None of this is exotic — which is exactly the point. GEO in 2026 is mostly disciplined writing plus unglamorous technical hygiene, applied every week. That's also why we fold it into an agent's routine rather than selling it as a separate project: the checklist above is repetitive, checkable work, and repetitive checkable work is what an AI SEO employee is for. If you want the deeper product version of this — AI visibility tracking, citability fixes, crawler access as a standing weekly job — that's what Cliff's AI search optimization does.
FAQ
Is GEO different from SEO? It's a layer on top. SEO gets you retrieved; GEO gets you quoted. Roughly 80% of the work overlaps — the GEO-specific 20% is passage-level citability, AI crawler access, and measuring mentions instead of only rankings.

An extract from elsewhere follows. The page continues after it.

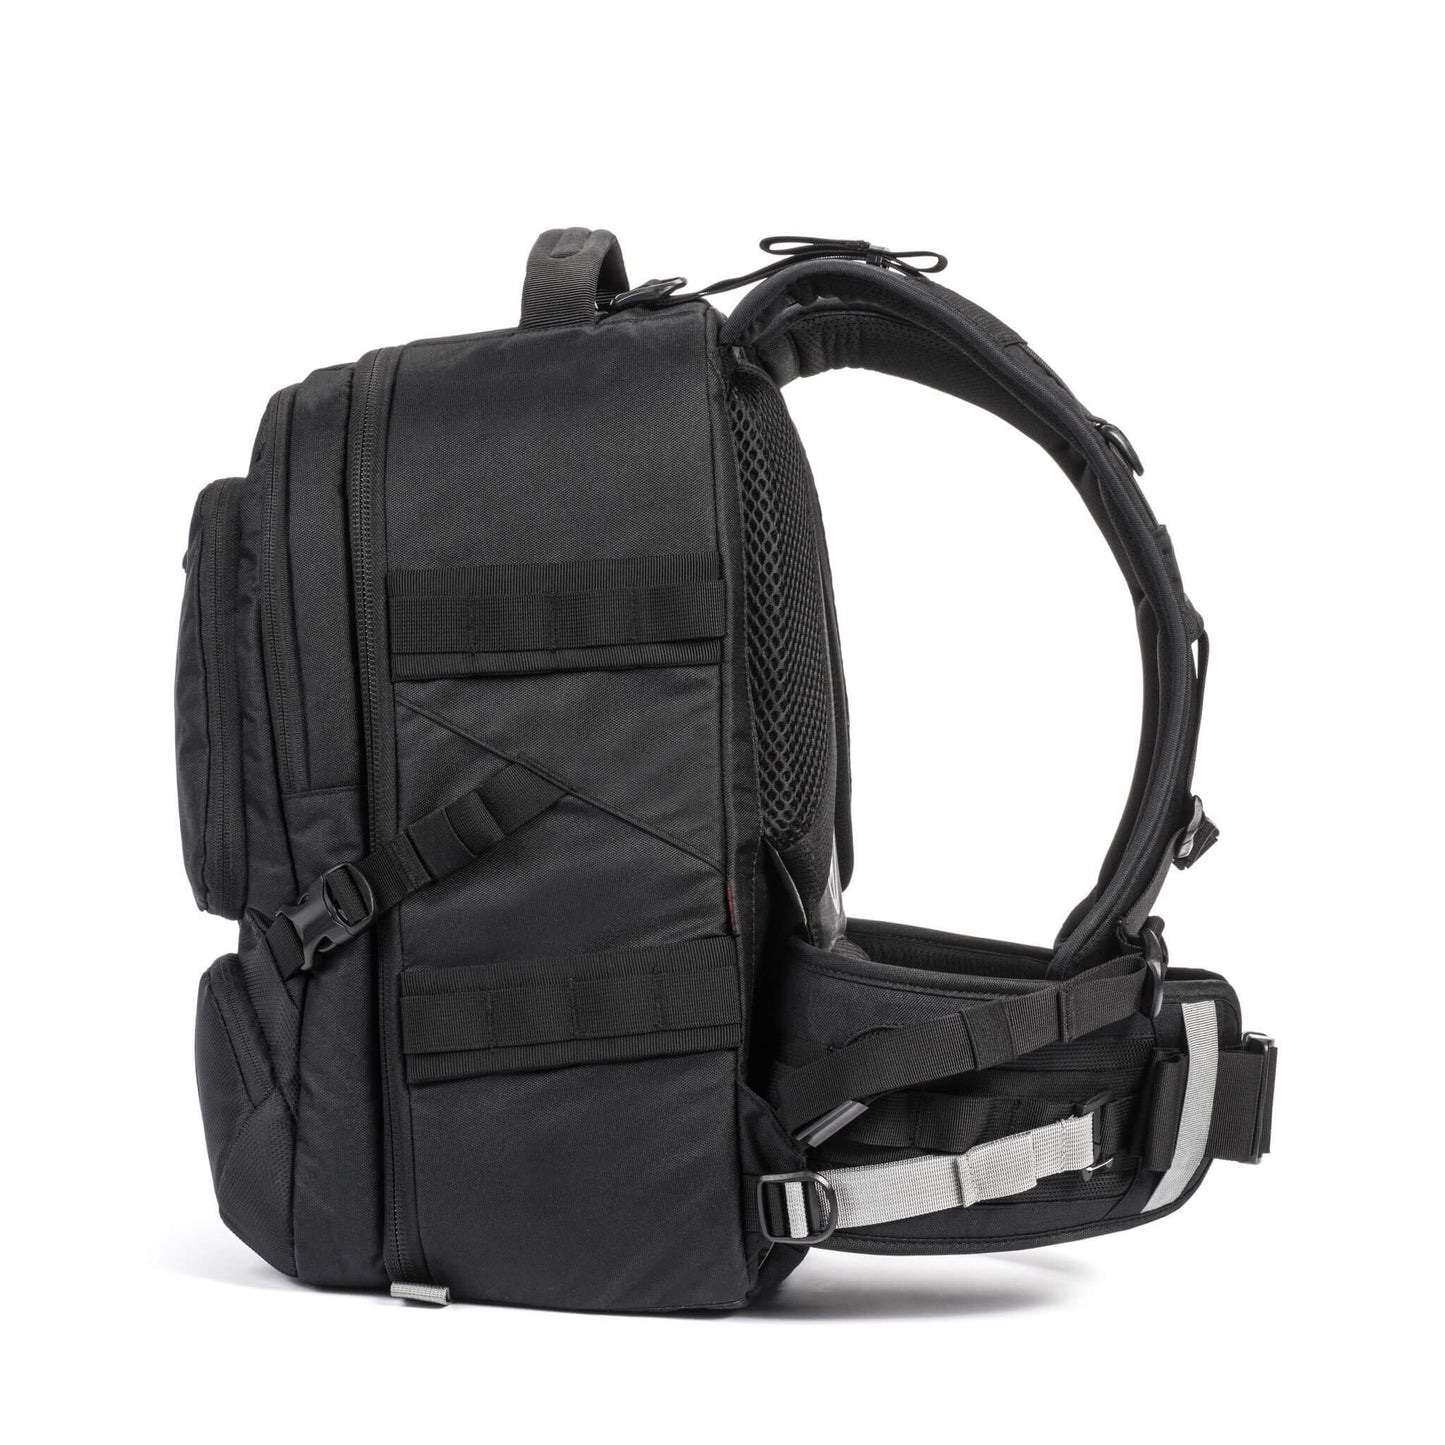 Tamrac Anvil 23 Camera Backpack with Belt (T0240-1919)

Do AI Overviews use the same signals as Google rankings? Largely yes — AI Overviews are built from Google's index via ordinary Googlebot crawling, and pages that rank well are far more likely to be included. There is no separate "AI Overviews crawler" to optimize for.
Should I block AI crawlers to protect my content?
That's a business decision, not an SEO one. Just make it deliberately: blocking GPTBot keeps you out of training data, but blocking OAI-SearchBot or PerplexityBot removes you from answers your buyers are reading today.
How long until GEO shows results? Referral and citation changes typically show up over weeks to months, not days — engines re-crawl and re-index on their own schedules. Track a fixed prompt set monthly and judge the trendline.